[Listed entries]
------------------------------

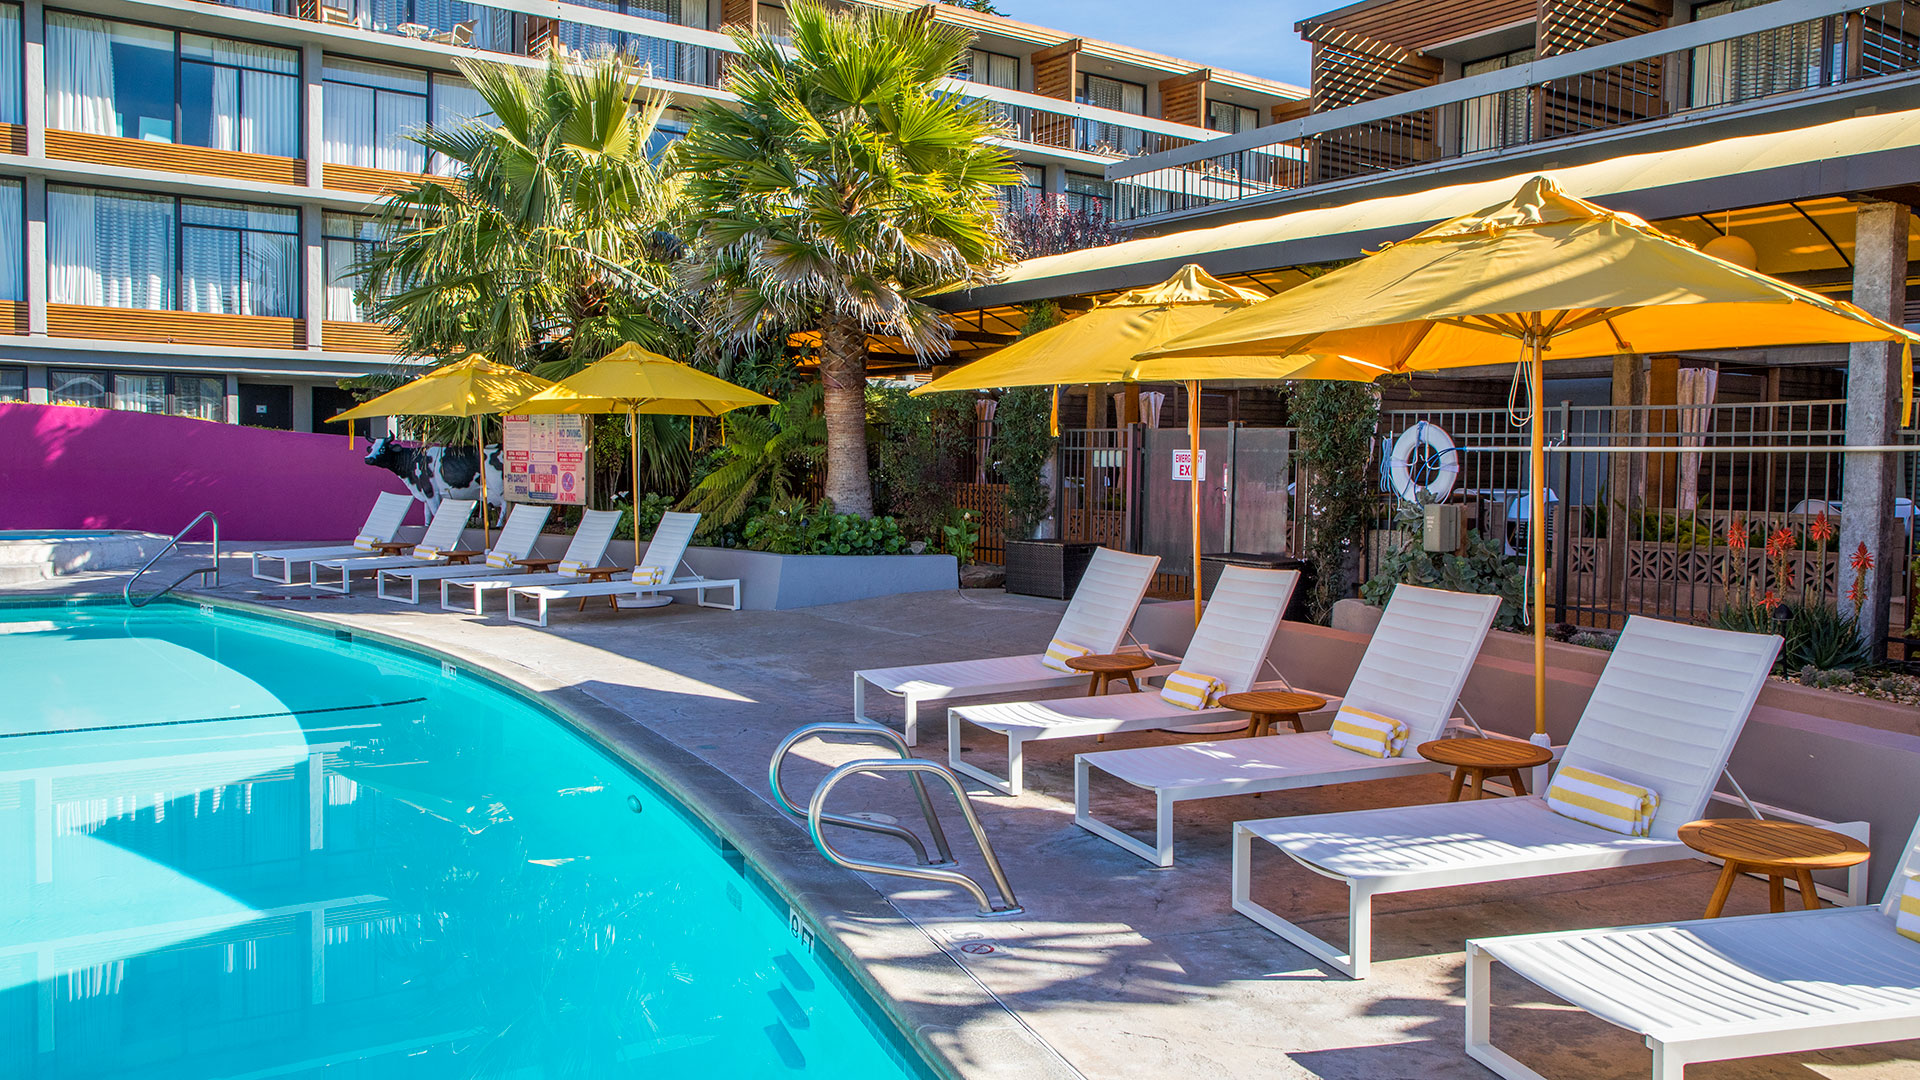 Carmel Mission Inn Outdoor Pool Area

------------------------------

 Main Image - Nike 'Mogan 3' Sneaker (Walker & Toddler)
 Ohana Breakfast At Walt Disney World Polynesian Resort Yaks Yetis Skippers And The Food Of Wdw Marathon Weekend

------------------------------

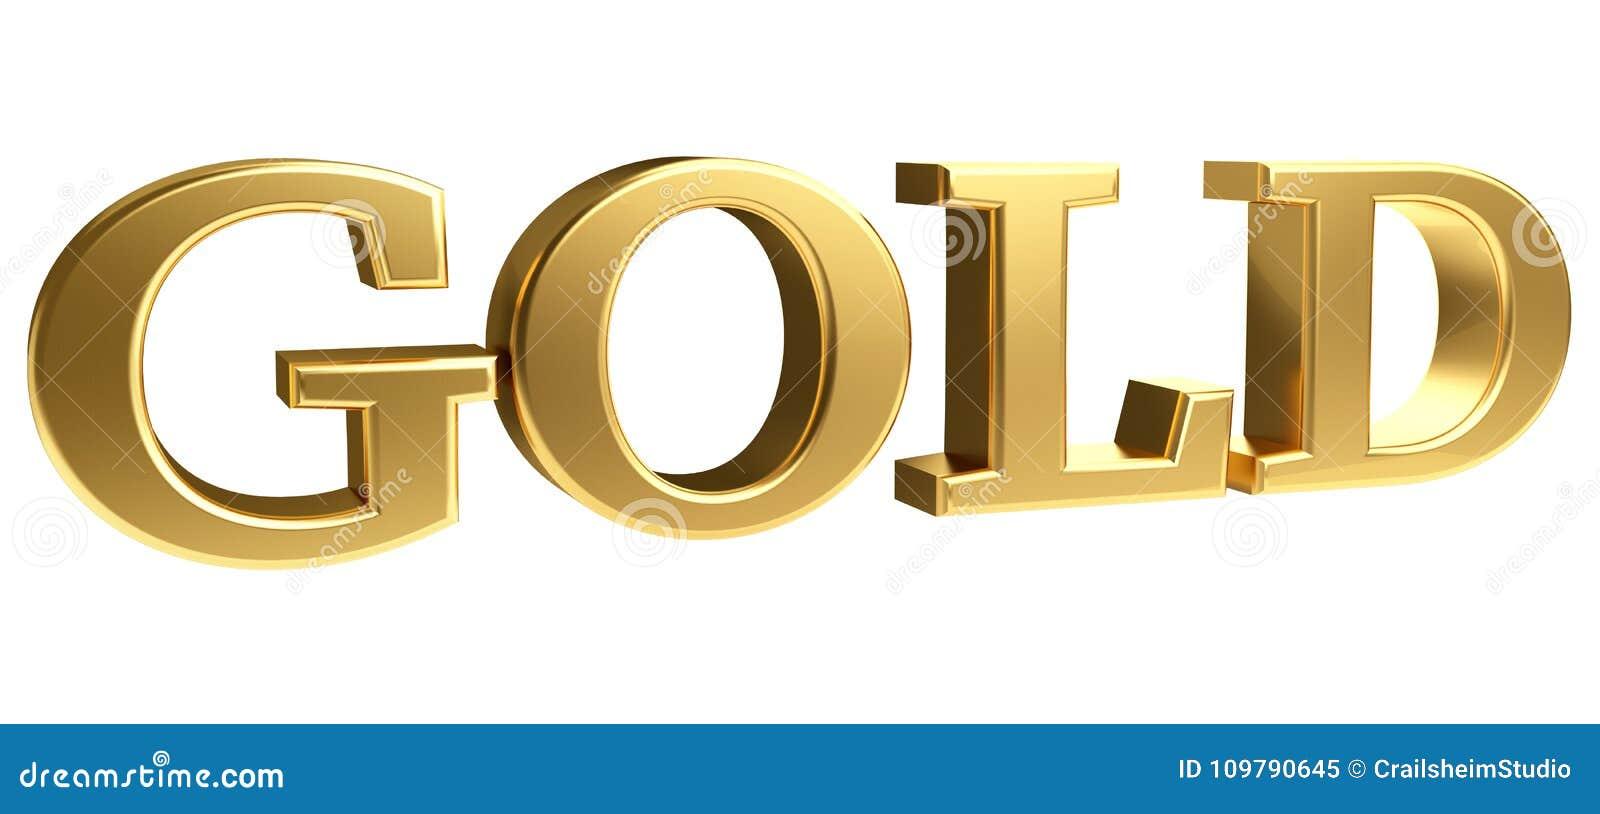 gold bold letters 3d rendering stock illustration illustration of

------------------------------

[What the task asks] From the data above, return every line from the line that has "Main Image - Nike" up to and including the line that has "Ohana Breakfast At", exactly.

[Expected output]
 Main Image - Nike 'Mogan 3' Sneaker (Walker & Toddler)
 Ohana Breakfast At Walt Disney World Polynesian Resort Yaks Yetis Skippers And The Food Of Wdw Marathon Weekend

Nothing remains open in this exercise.